Generalized Four-momentum for Continuously Distributed Materials

TL;DR

This paper derives a covariant expression for the generalized four-momentum of continuously distributed materials using a differential Euler-Lagrange framework, applicable to relativistic systems with fields and pressures.

Contribution

It introduces a new covariant formulation of four-momentum for continuous materials, linking Lagrangian density to four-momentum and applying it to relativistic systems with various fields.

Findings

Generalized four-momentum is an integral four-vector.

Expression matches Legendre transformation between Lagrangian and Hamiltonian.
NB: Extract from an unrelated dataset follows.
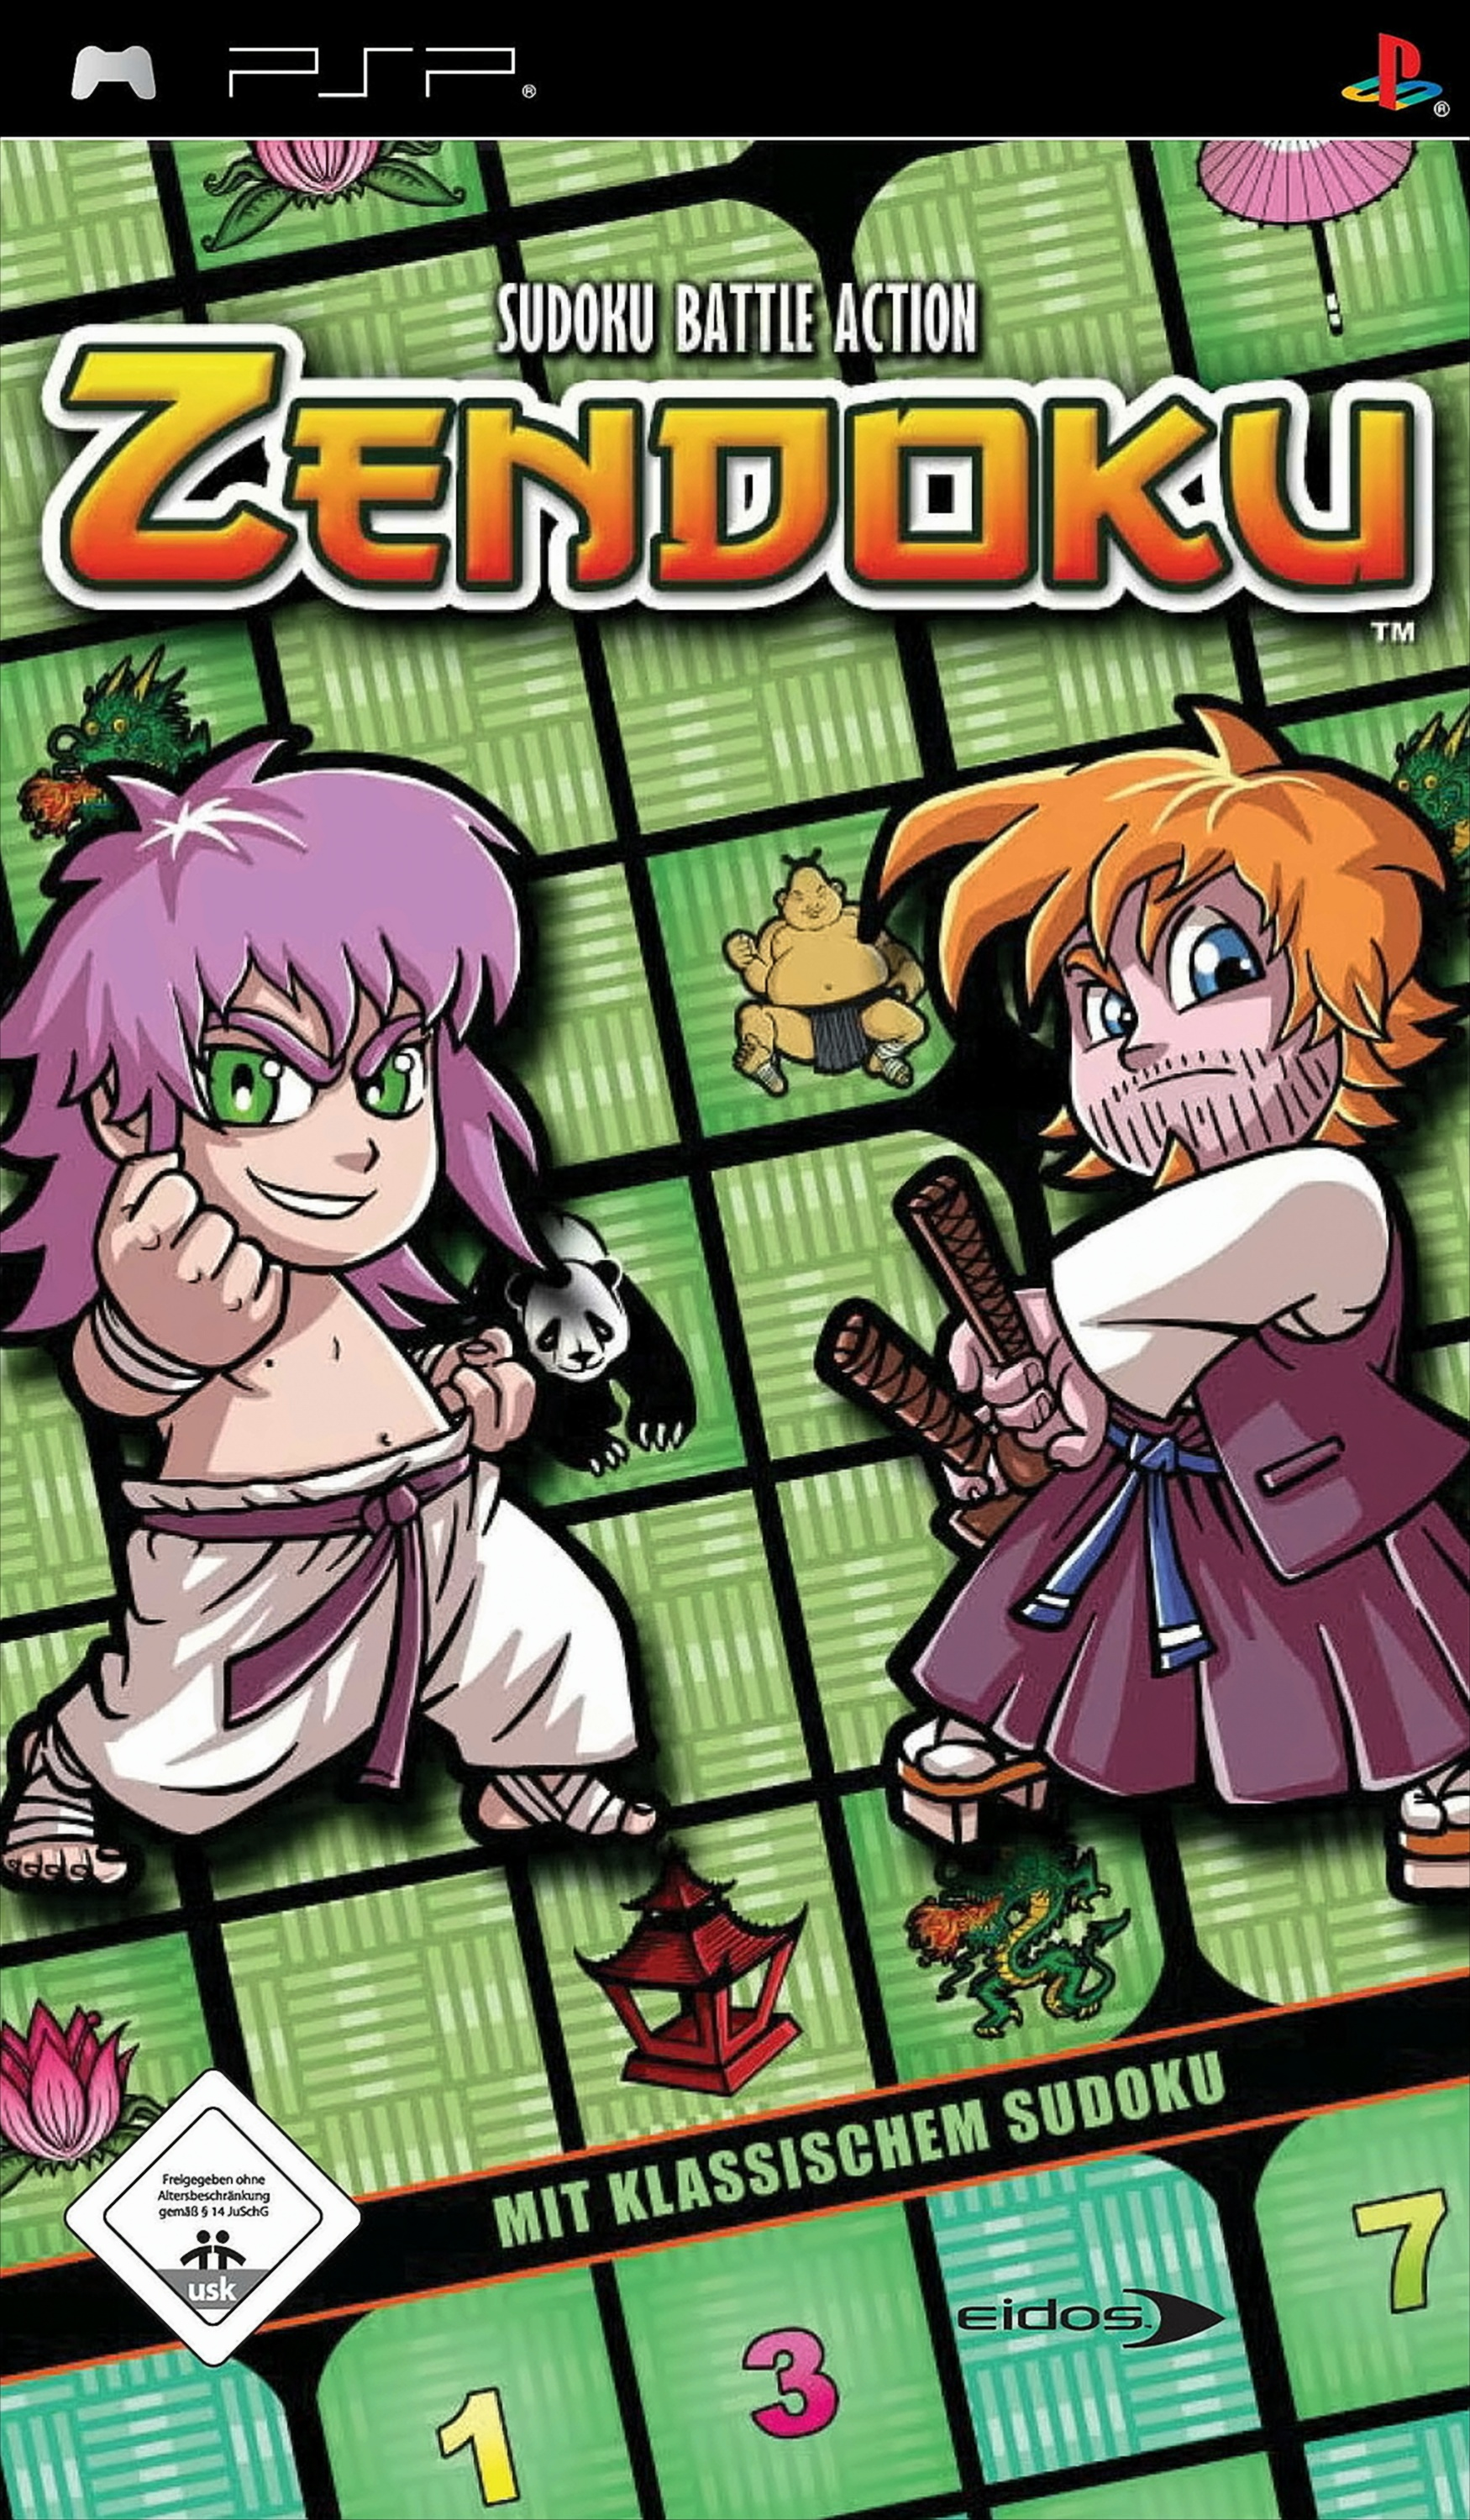 Zendoku - Battle - Sudoku [PSP] Action

Four-momentum depends on mass, velocity, and scalar potentials of fields.

Abstract

A four-dimensional differential Euler-Lagrange equation for continuously distributed materials is derived based on the principle of least action, and instead of Lagrangian, this equation contains the Lagrangian density. This makes it possible to determine the density of generalized four-momentum in covariant form as derivative of the Lagrangian density with respect to four-velocity of typical particles of a system taken with opposite sign, and then calculate the generalized four-momentum itself. It is shown that the generalized four-momentum of all typical particles of a system is an integral four-vector and therefore should be considered as a special type of four-vectors. The presented expression for generalized four-momentum exactly corresponds to the Legendre transformation connecting the Lagrangian and Hamiltonian. The obtained formulas are used to calculate generalized four-momentum of stationary and moving relativistic uniform systems for the Lagrangian with particles and vector fields, including electromagnetic and gravitational fields, acceleration field and pressure field. It turns out that the generalized four-momentum of a moving system depends on the total mass of particles, on the Lorentz factor and on the velocity of the systems center of momentum. Besides, an additional contribution is made by the scalar potentials of the acceleration field and the pressure field at the center of system. The direction of the generalized four-momentum coincides with the direction of four-velocity of the system under consideration, while the generalized four-momentum is part of the relativistic four-momentum of the system.